*** Opening of DATA PROVIDED ***

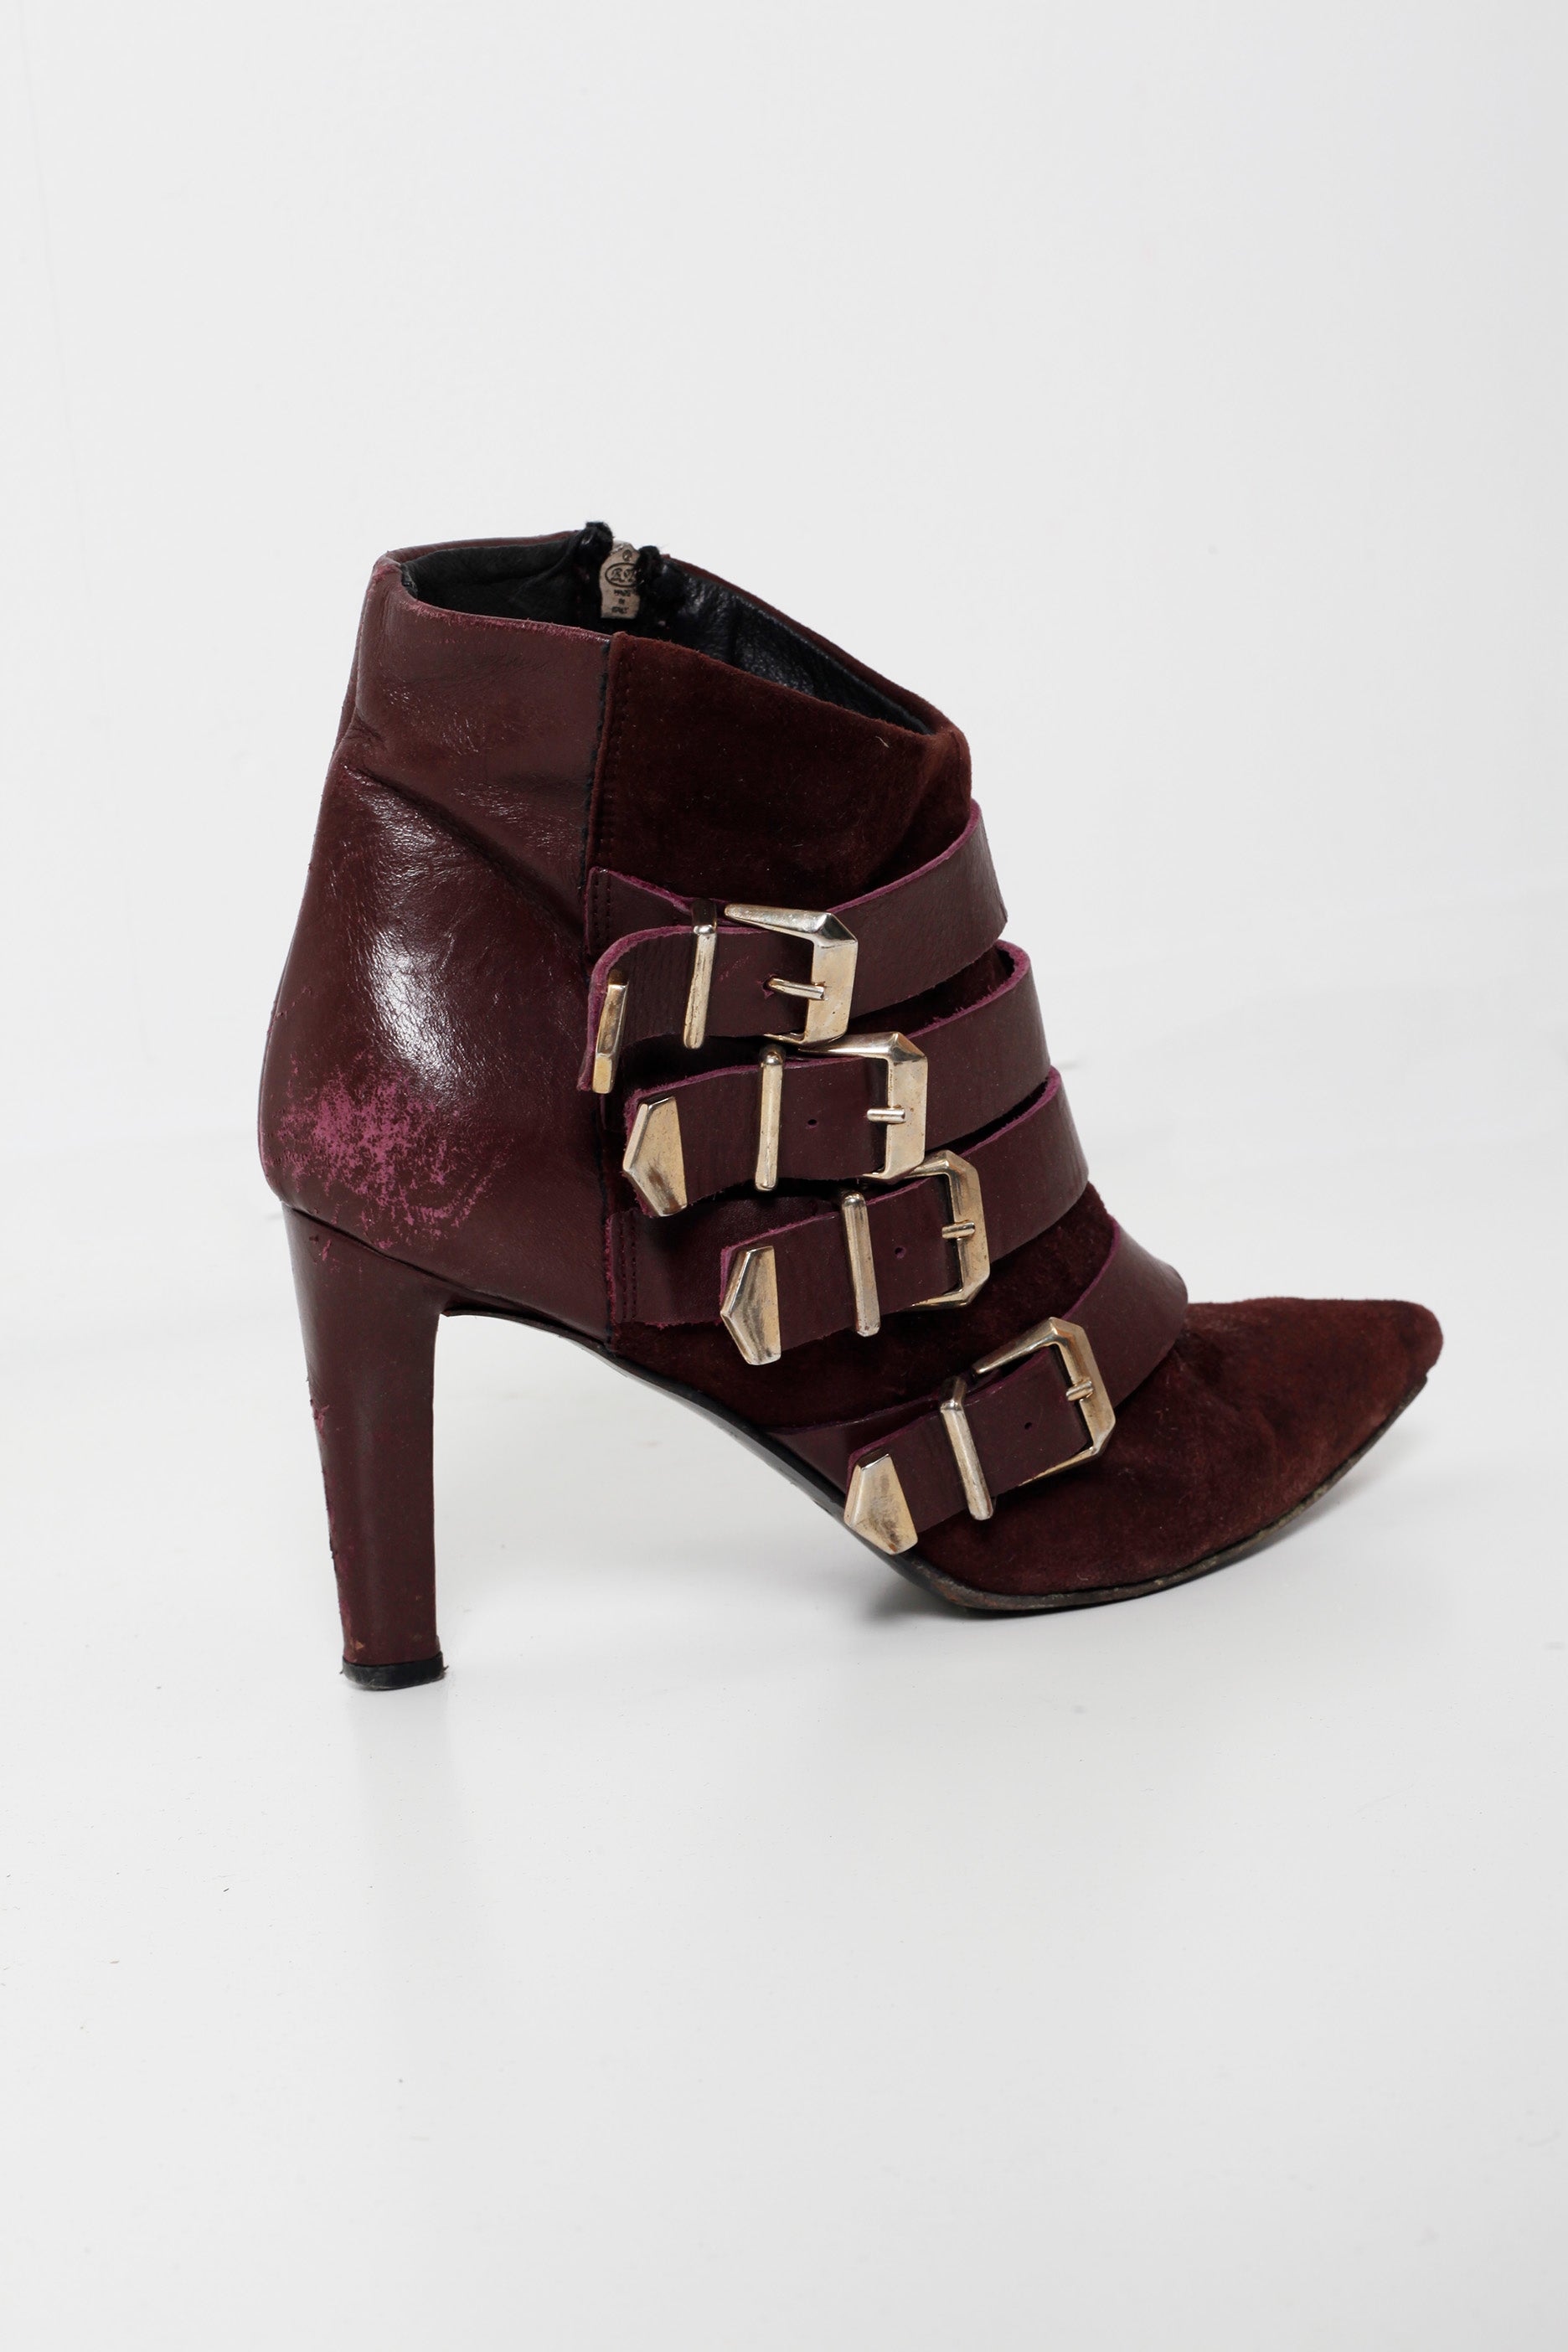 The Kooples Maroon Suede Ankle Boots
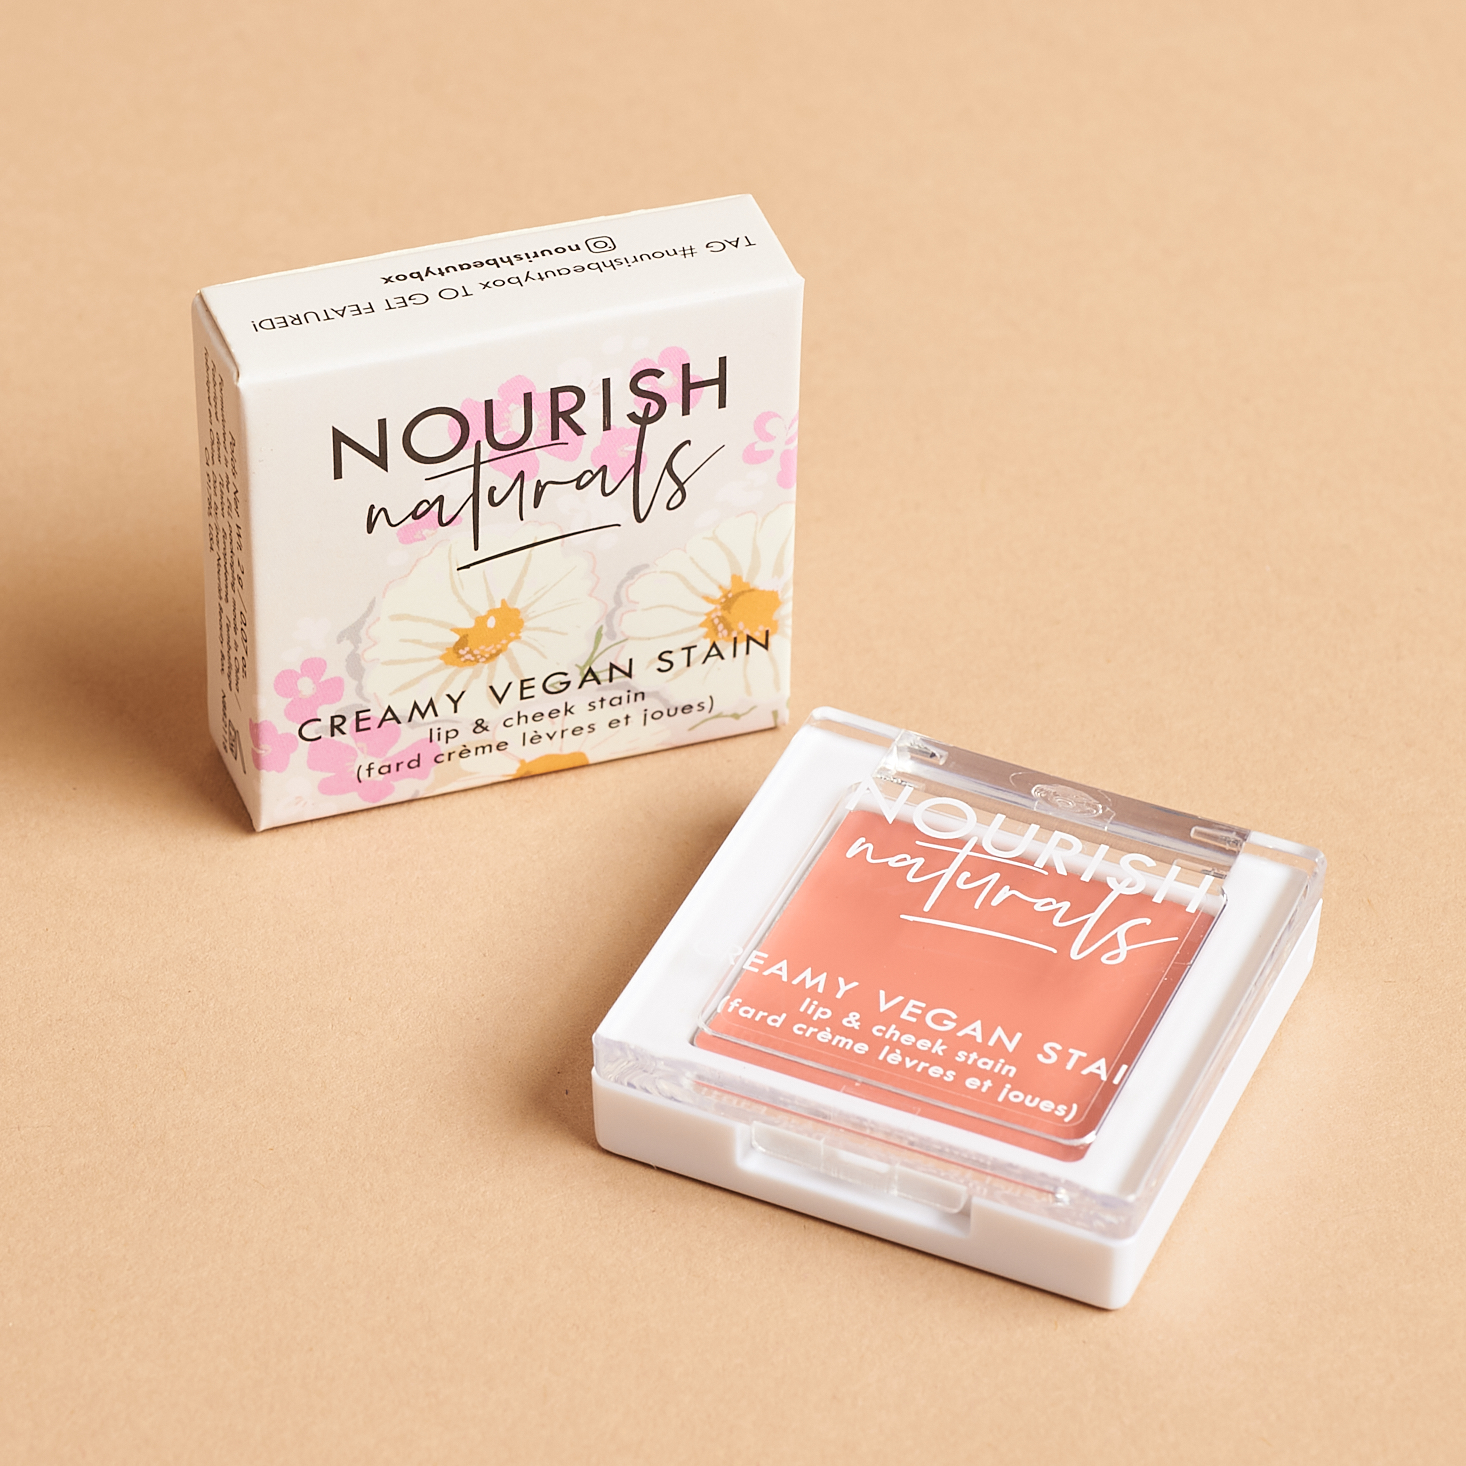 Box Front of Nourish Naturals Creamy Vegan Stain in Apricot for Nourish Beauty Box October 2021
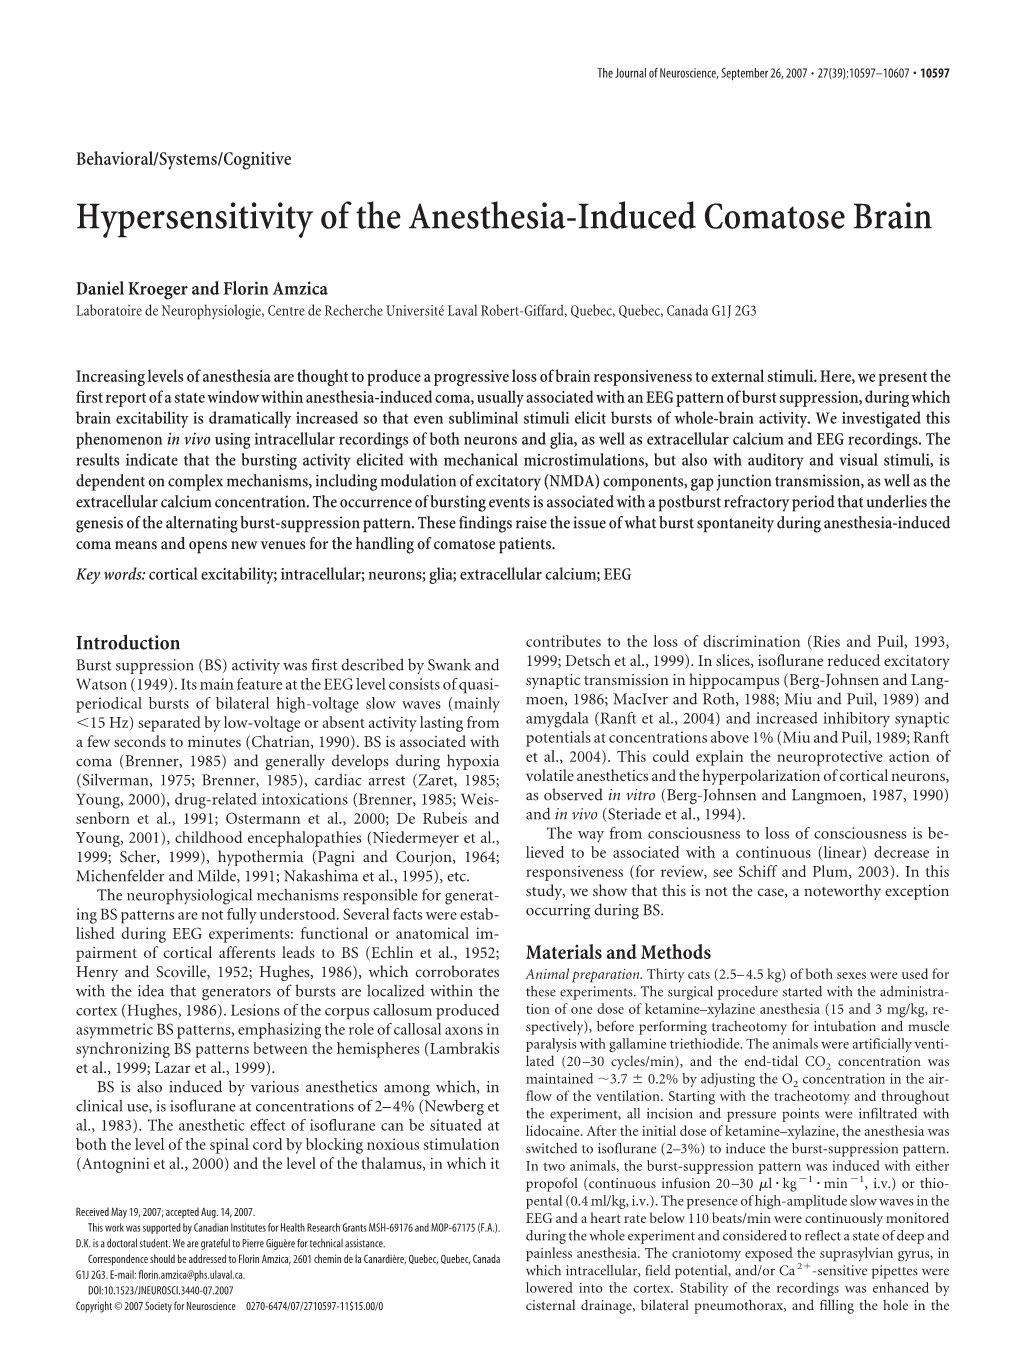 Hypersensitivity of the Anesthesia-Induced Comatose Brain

*** Close of DATA PROVIDED ***

**PROBLEM TO WORK ON**
Transcribe the listing above exactly, leaving every picture out.

**OUTPUT BELOW**
 The Kooples Maroon Suede Ankle Boots
 Box Front of Nourish Naturals Creamy Vegan Stain in Apricot for Nourish Beauty Box October 2021
 Hypersensitivity of the Anesthesia-Induced Comatose Brain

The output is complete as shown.